Ever since the First Pretty Good Awakening (at least), a kind of conservative Protestant has looked for indications of genuine faith — such as religious affections, or unwillingness to compromise with worldliness (read holiness) — to distinguish real Christianity from one that simply goes through the motions. (The search for certainty comes in other forms. Think of the “logic” that concludes with papal supremacy as the guarantee that inauthentic Christianity won’t prevail. Then we have the politicized Protestantism that looks for public square displays of moral outrage as indicators of the real deal.)

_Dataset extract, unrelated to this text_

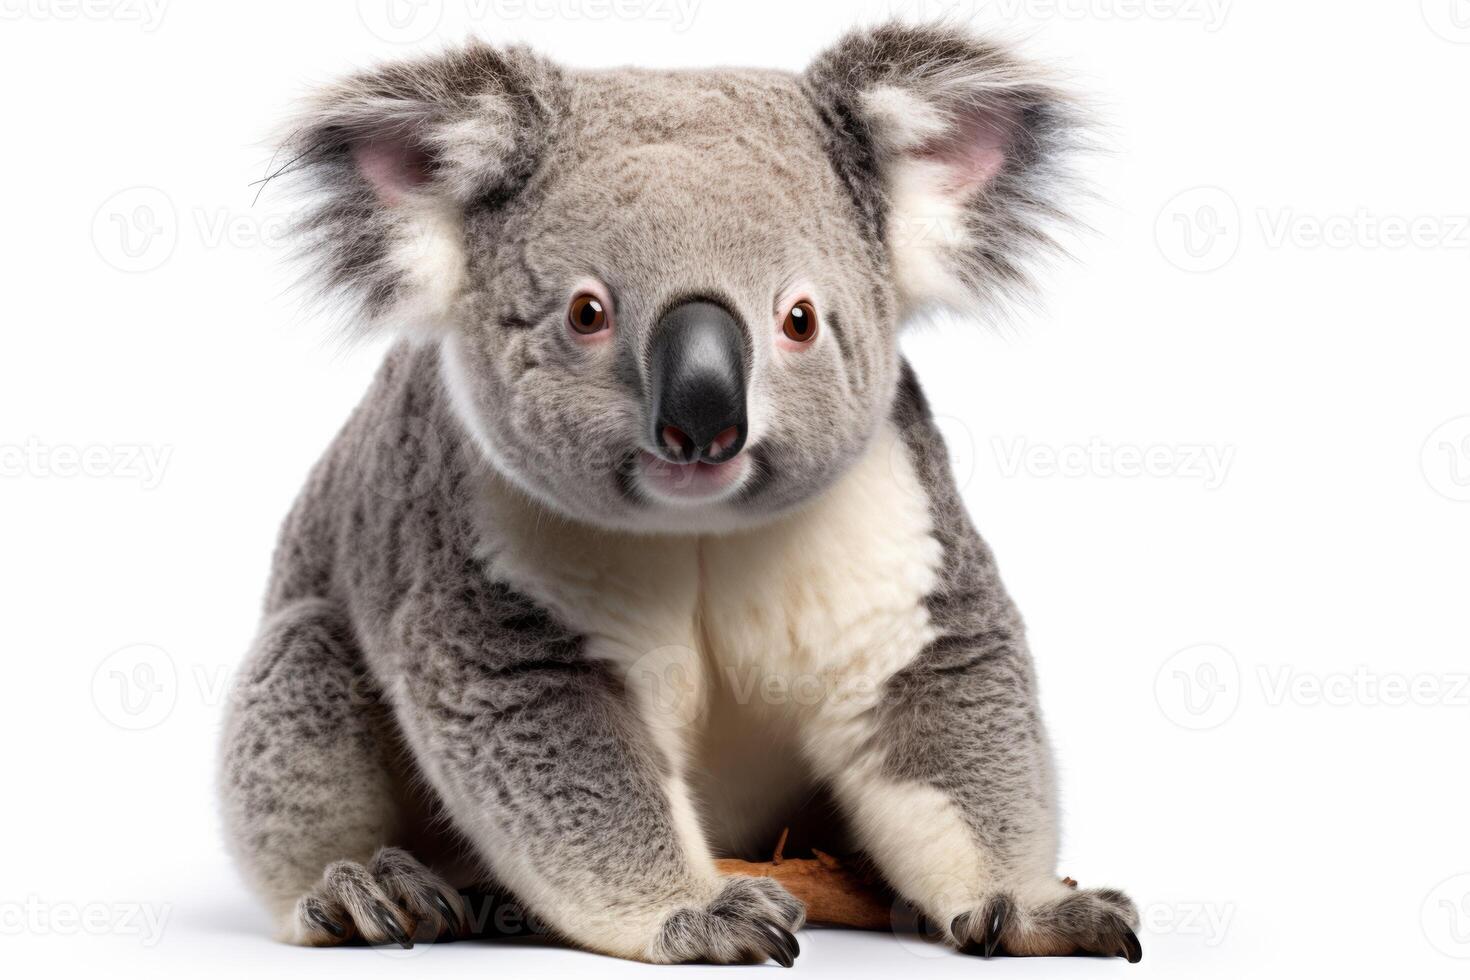 ai gegenereerd koala beer clip art foto

The First Pretty Good Awakening’s brief against nominal Christianity — going through the motions — raises serious problems for means of grace (confessional) Protestants since going to church, singing the psalms, receiving the Lord’s Supper, hearing the word read and preached are the very God-ordained motions that real Christians go through. Can singing be faked? Sure. The awakeners’ answer, then, was to find some form of Christian devotion that avoided dissimulation. One of the more recent examples of this quest for authenticity was charismatic or Praise & Worship worship (redundancy intended). Here, supposedly, was a vibrant display of worship, with music that would always yield the desired spiritual vigor.
Turns out that even charismatic worship can be faked (thanks to our Presbyterian-in-exile):
The lights are dim, candles are lit, the music swells as the lead vocalist goes up an octave for the climactic end of the song, and throughout the room dozens of college students raise their hands as they sing with abandon. It’s a powerful moment in the worship service. Then the song stops. The students drop their hands open their eyes. In front of me two of the girls who had their hands raised a few seconds earlier are having a conversation about their afternoon plans. Then the music starts up again, they end their conversation, close their eyes, and throw their hands up in the air again.
The solution is not to find the next devotional fix that will show when faith is real. It is instead to abandon QIRC and be content with the means that God has ordained, and the struggles that accompany seeing only by faith.